**Problem to work on**
Find the line below with "yeşil muhabbet kuşum kayboldu" and the line with "Bowland gold shiny". Output them and the lines between, exactly, but not the pictures.

**Material for this task**

|---|

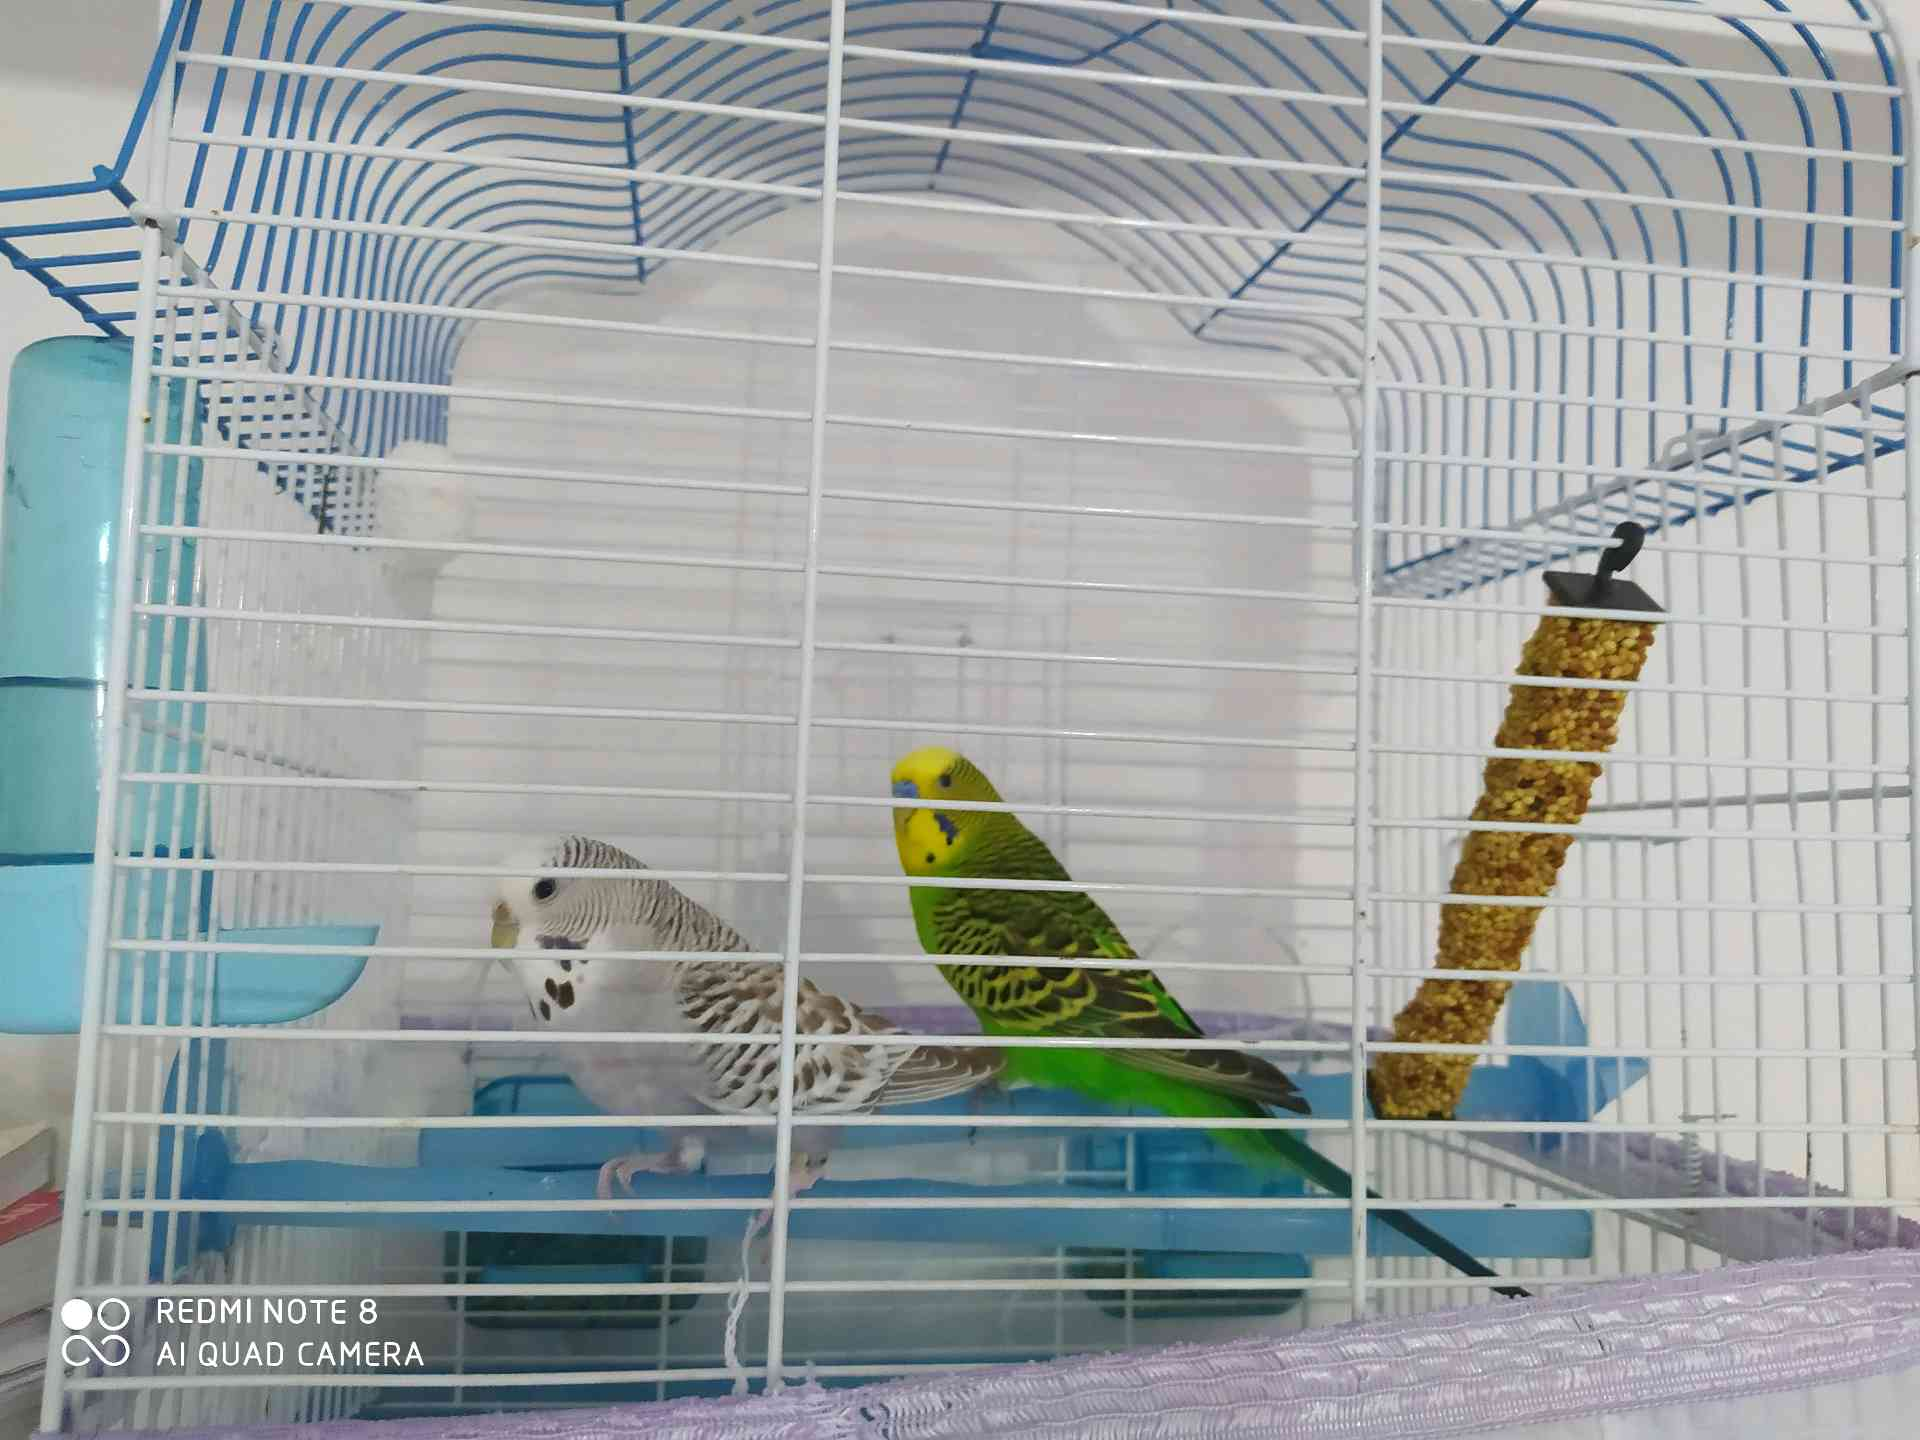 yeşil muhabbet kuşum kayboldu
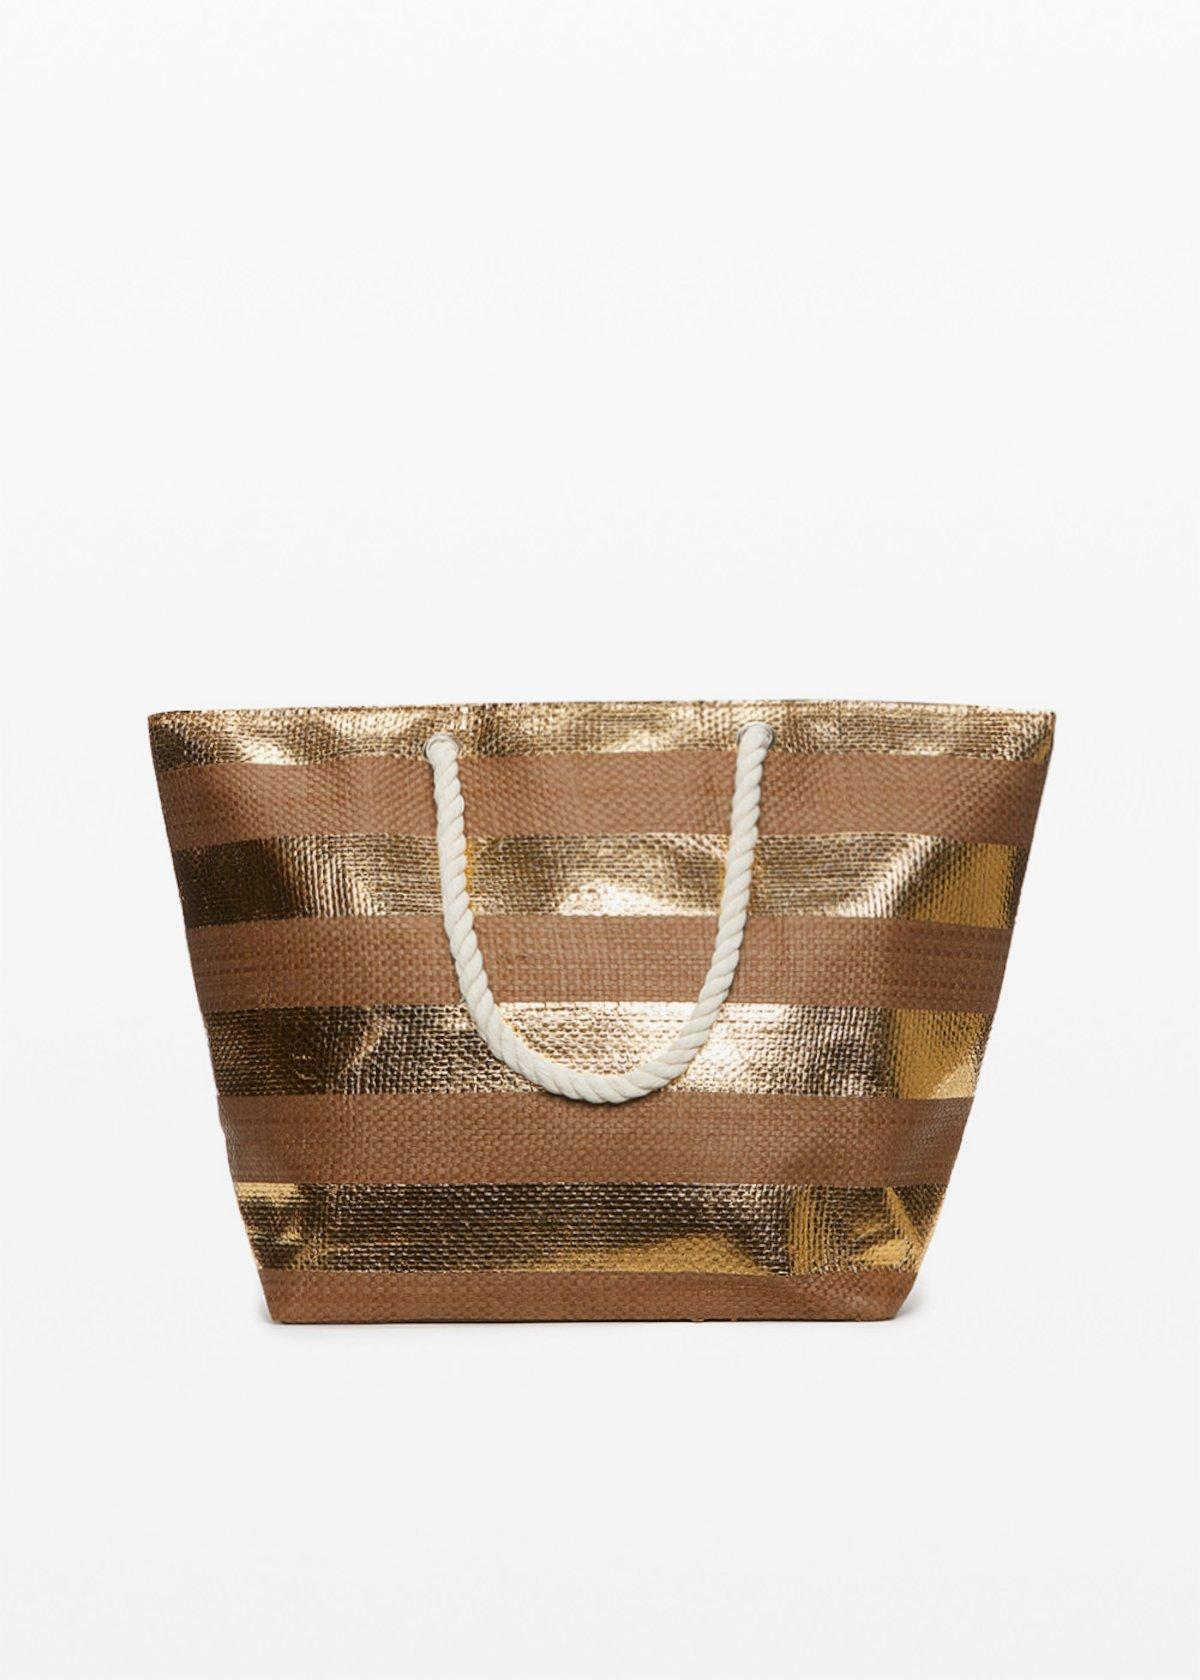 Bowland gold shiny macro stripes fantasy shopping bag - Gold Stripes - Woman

|---|

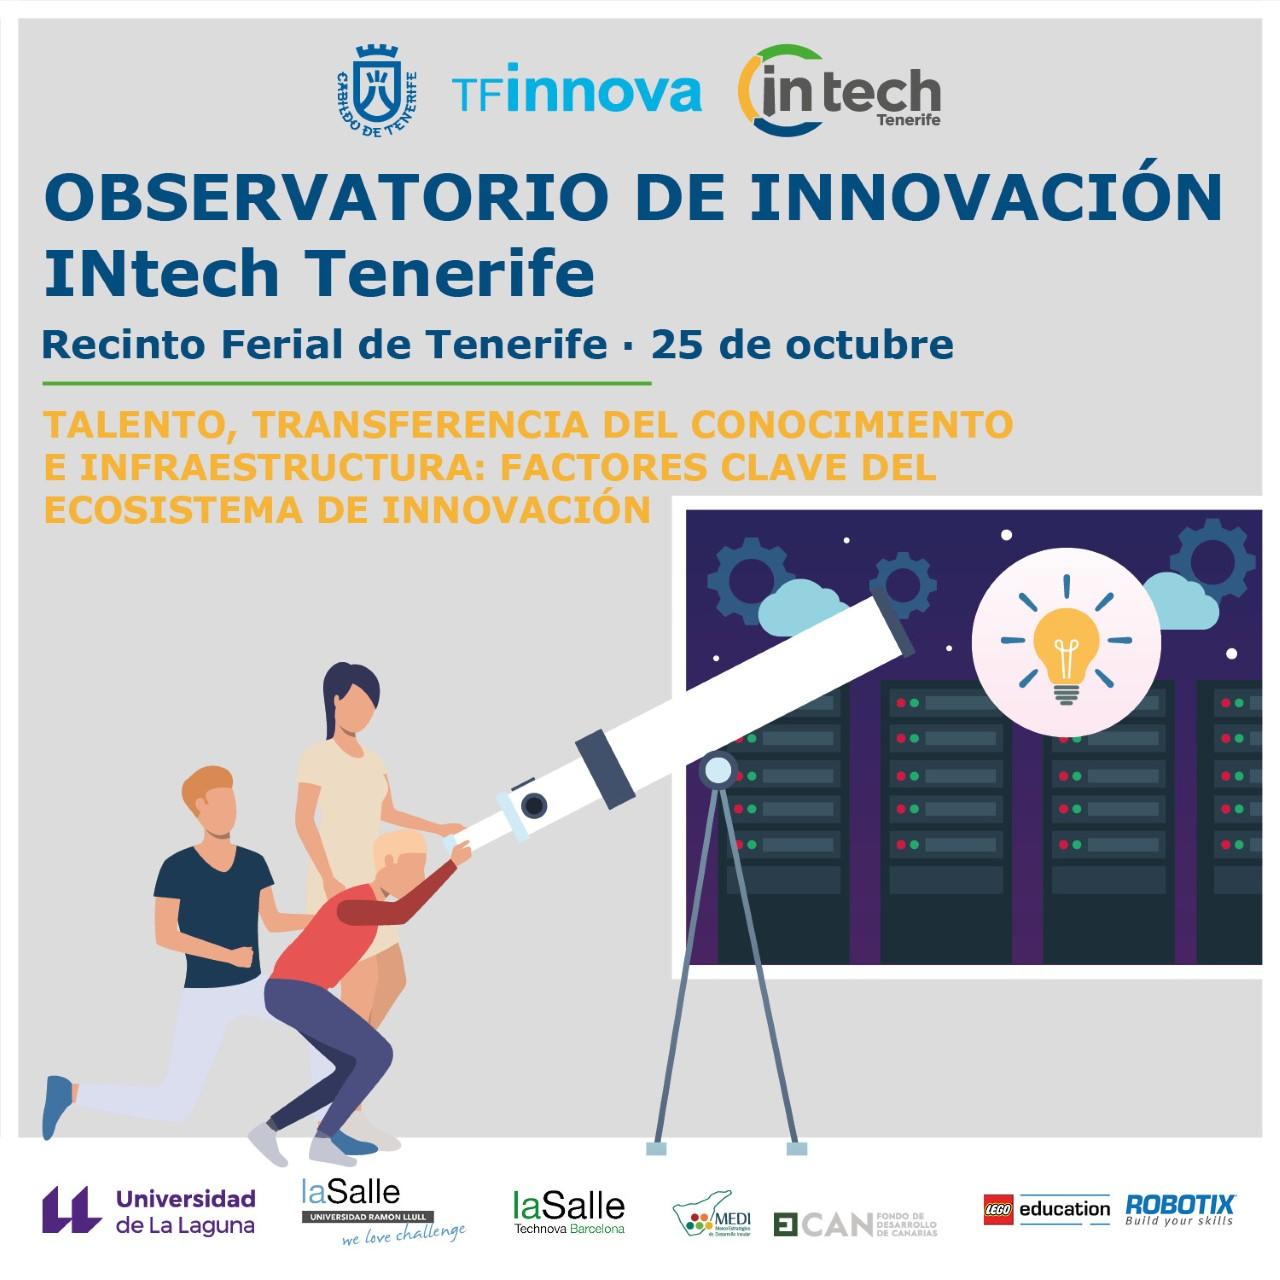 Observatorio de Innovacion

|---|

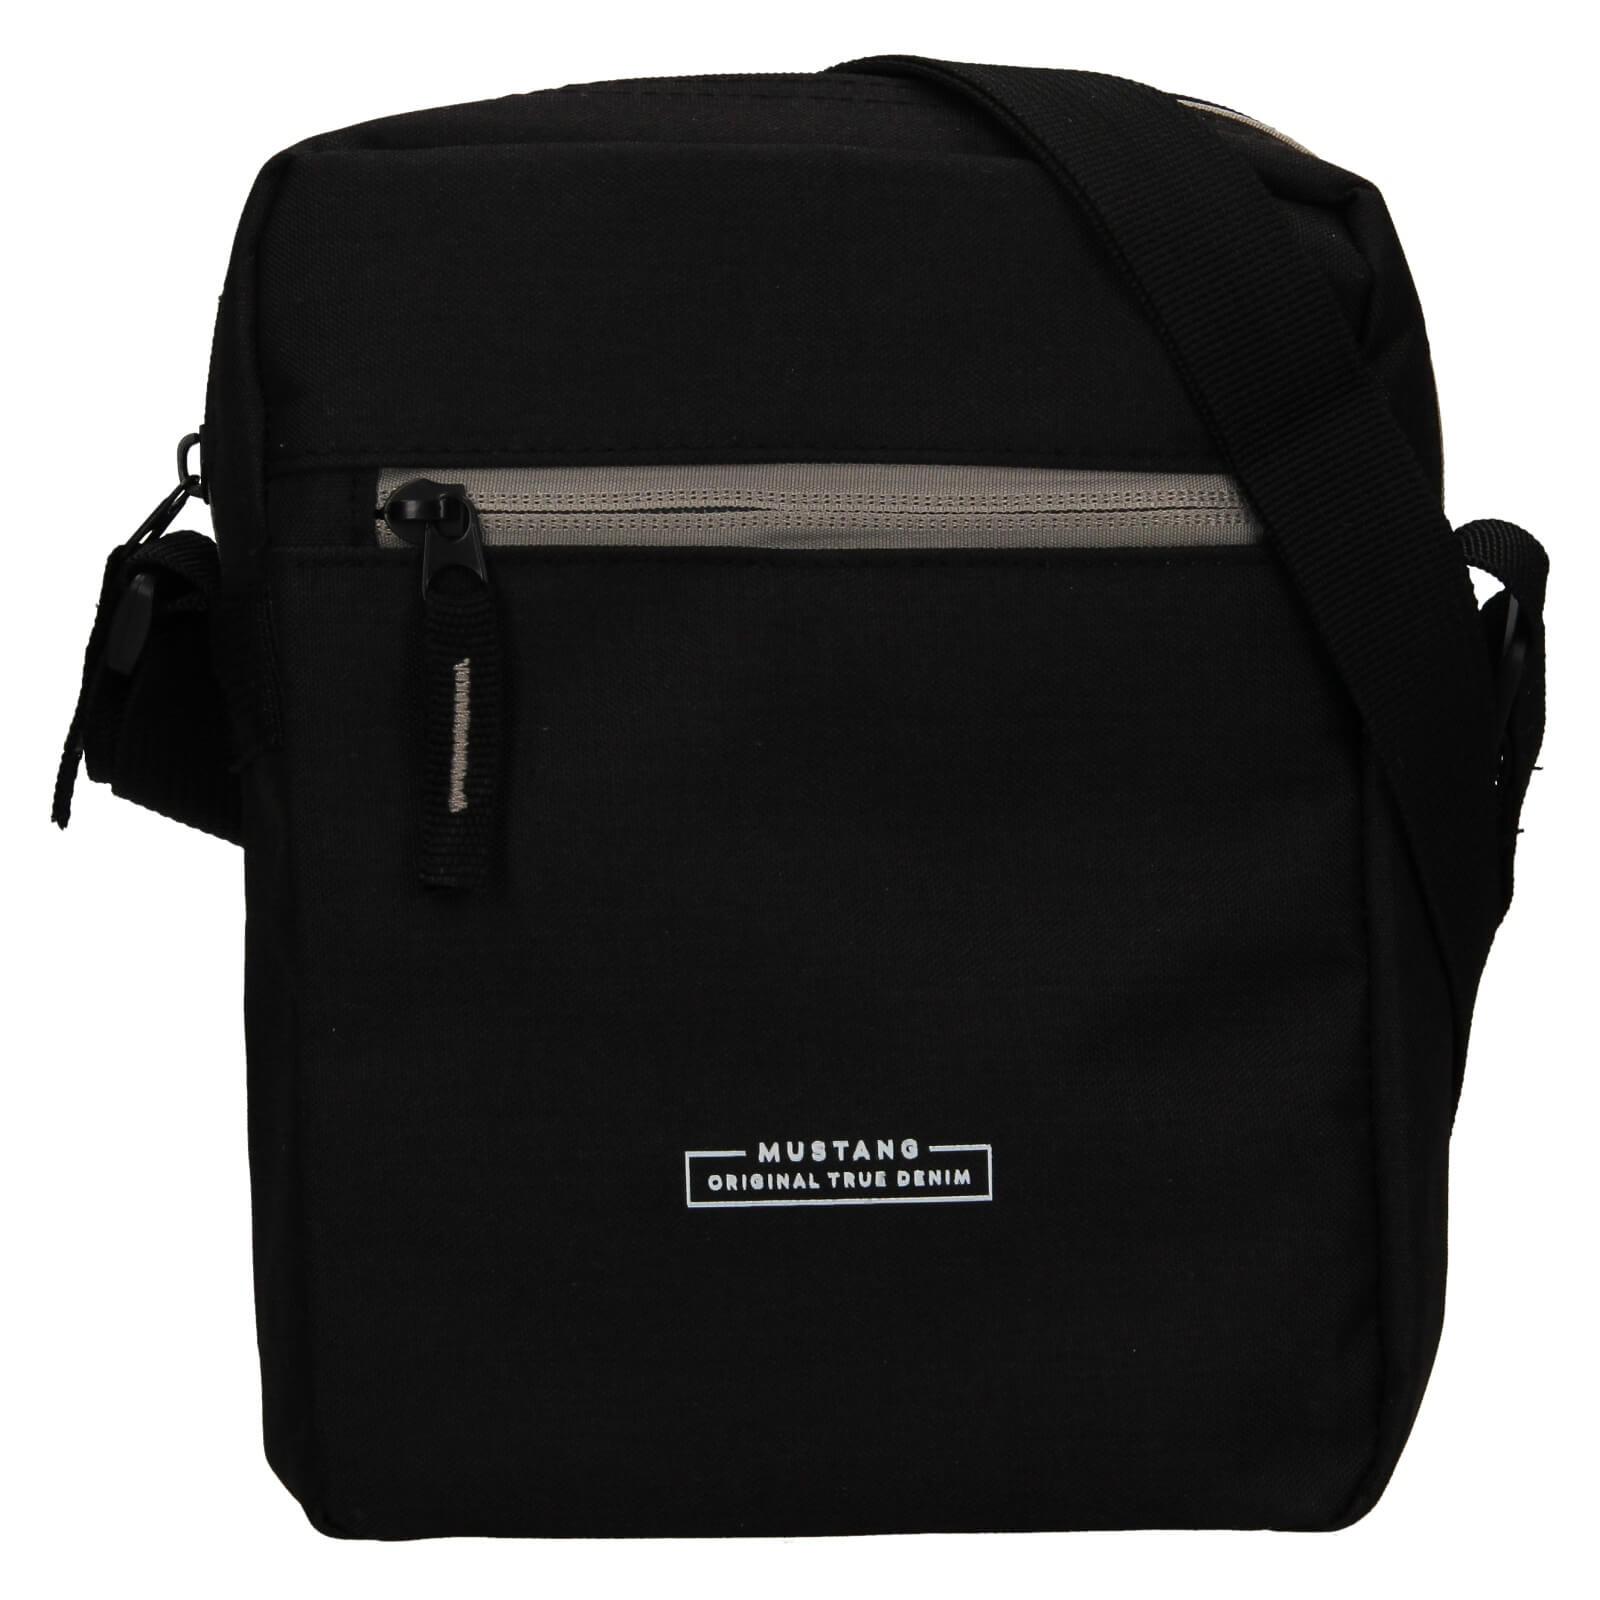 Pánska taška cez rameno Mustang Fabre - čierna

|---|

**Your solution**
 yeşil muhabbet kuşum kayboldu
 Bowland gold shiny macro stripes fantasy shopping bag - Gold Stripes - Woman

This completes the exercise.